# My 2012 buck



## squid_1 (Jun 2, 2005)

Shot 11/7. He was out cruising and ran into a 100 grain muzzy.

posted using Outdoor Hub Campfire


----------



## squid_1 (Jun 2, 2005)

Ok I posted this from the mobile app and for some reason it rotated the pick. Any ideas on how to fix?


----------



## DLarrick (May 31, 2011)

nice buck for sure....congrats man


----------



## Bluefinn (Jan 26, 2007)

Very nice buck, at any angle.


----------



## squid_1 (Jun 2, 2005)

Here is another pic.

posted using Outdoor Hub Campfire


----------



## LilSiman/Medina (Nov 30, 2010)

Nice buck! Really like the long tines.


----------



## Fishstix (Aug 16, 2005)

Man, those tines are crazy long. Congrats on a nice buck!


----------



## Sasamafras (Oct 13, 2011)

Really great buck, any more on the story?

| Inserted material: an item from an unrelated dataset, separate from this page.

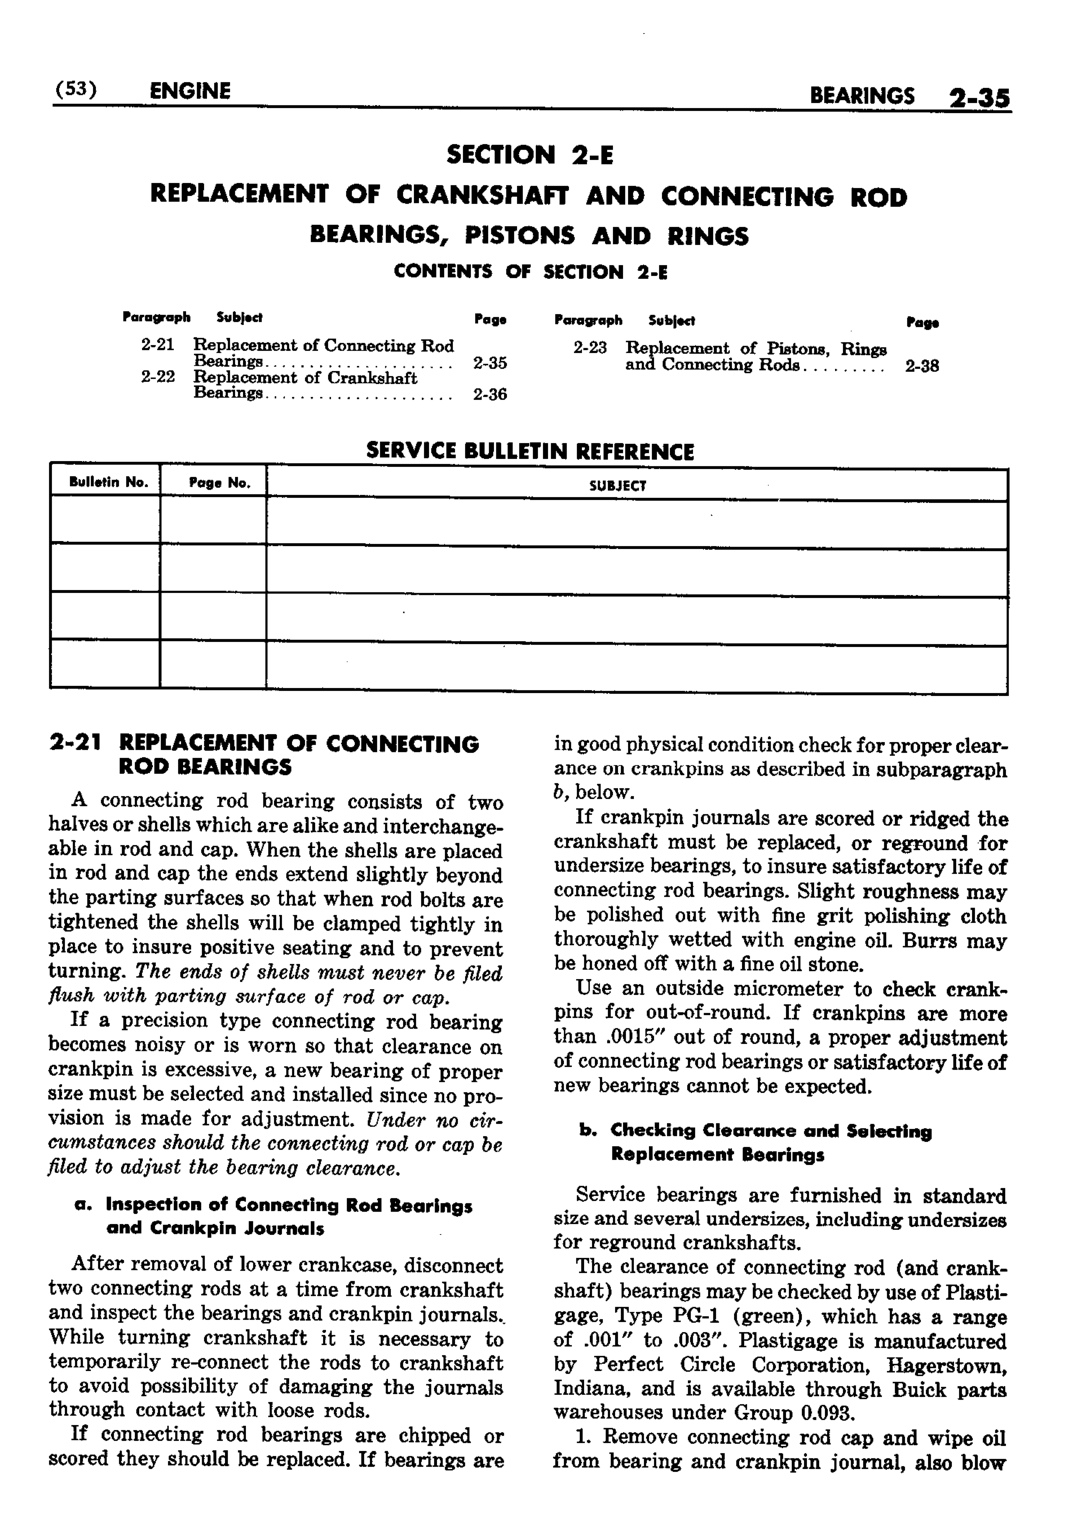 n_03 1952 Buick Shop Manual - Engine-035-035.jpg

Posted using Outdoor Hub Campfire


----------



## squid_1 (Jun 2, 2005)

It actually happened kind of fast. I was hunting in a corner of a grass field that dropped off to a power line. He came out into the field about 120 yards down from me with his nose to the ground and crested the field just standing there checking the whole field out. He then disappeared over the crest heading away from me. I just finished a cig and sat down and pulled my face mast into position then all of a sudden he came over the crest trotting towards my corner at 70 yards. I had markers with tinks bombs in the field for 20 and 30 yards and he was angling for the 30 yard marker. I gave him a mouth bleat and he stopped dead in his tracks at 32 yards and I pulled the trigger and I saw the bolt hit just behind the front leg and I knew it was lethal. He ran approx. 250 yards (down hill) with the top of his heart destroyed. He has 12 inch G2's and 13.5 inch G3's brow tines are 8 1/4 and 8 1/2, inside spread 20 inches. He field dressed at 205#. I have hunted a very long time and to finally kill a buck like this was awesome. For the 5 days hunting I only saw 3 bucks and 5 does and 1 of the bucks may have been bigger than this.


----------